• _DATA TO EXAMINE_:
[Start of section]

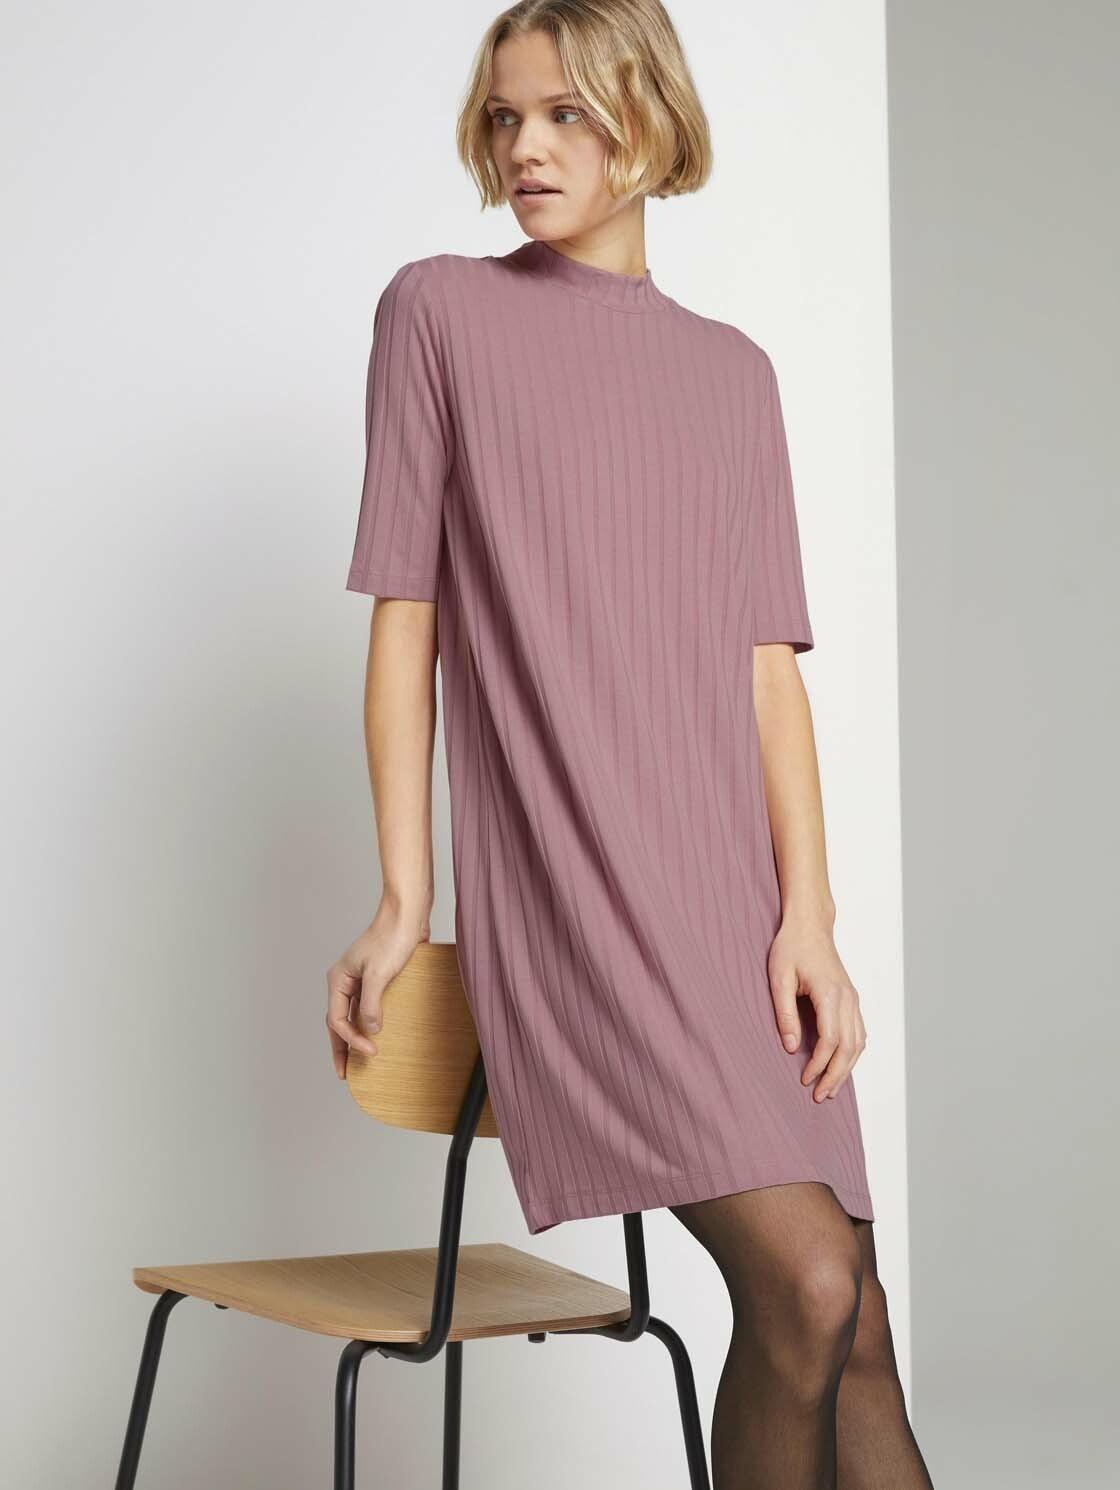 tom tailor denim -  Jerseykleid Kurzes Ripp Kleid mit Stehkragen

[End of section]
[Start of section]

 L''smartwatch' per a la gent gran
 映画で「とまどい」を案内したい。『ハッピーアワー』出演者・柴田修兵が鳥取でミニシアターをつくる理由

[End of section]
[Start of section]

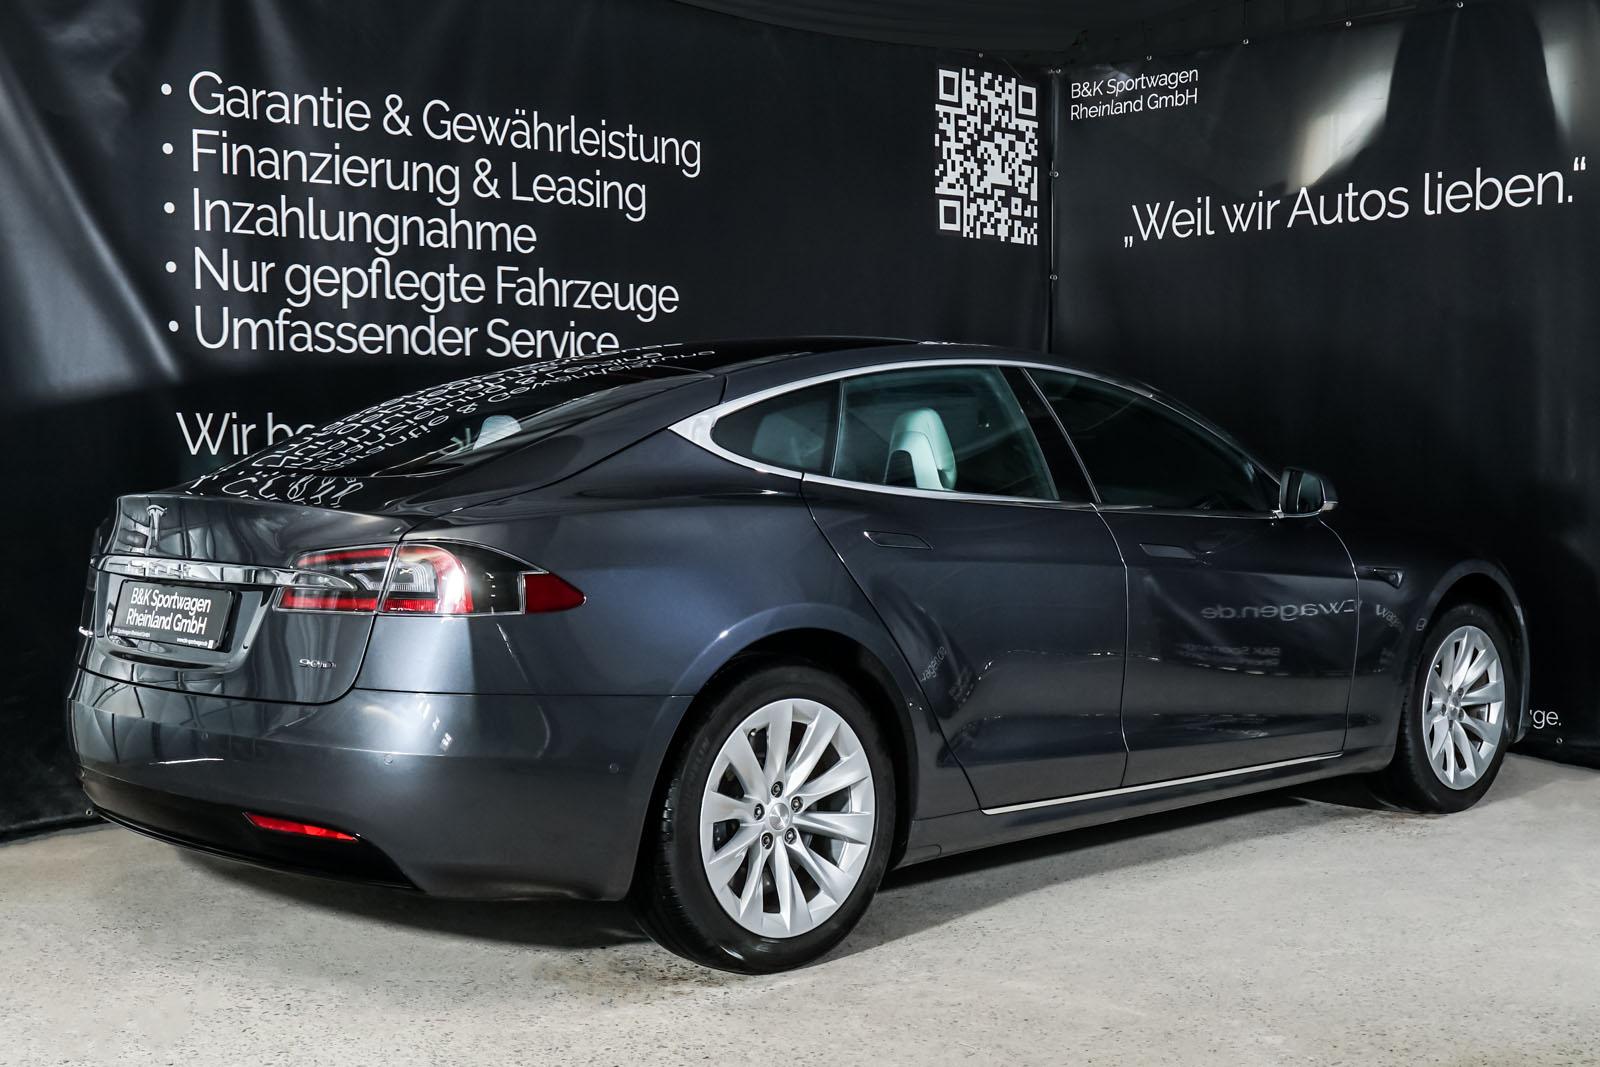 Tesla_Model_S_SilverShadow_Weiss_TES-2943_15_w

[End of section]

• _ACTIVITY_: Wherever the line holding "L''smartwatch' per a la gent gran" falls in the entries above, copy exactly from it through the line holding "映画で「とまどい」を案内した", inclusive, and add nothing.

• _TASK SOLUTION_:
 L''smartwatch' per a la gent gran
 映画で「とまどい」を案内したい。『ハッピーアワー』出演者・柴田修兵が鳥取でミニシアターをつくる理由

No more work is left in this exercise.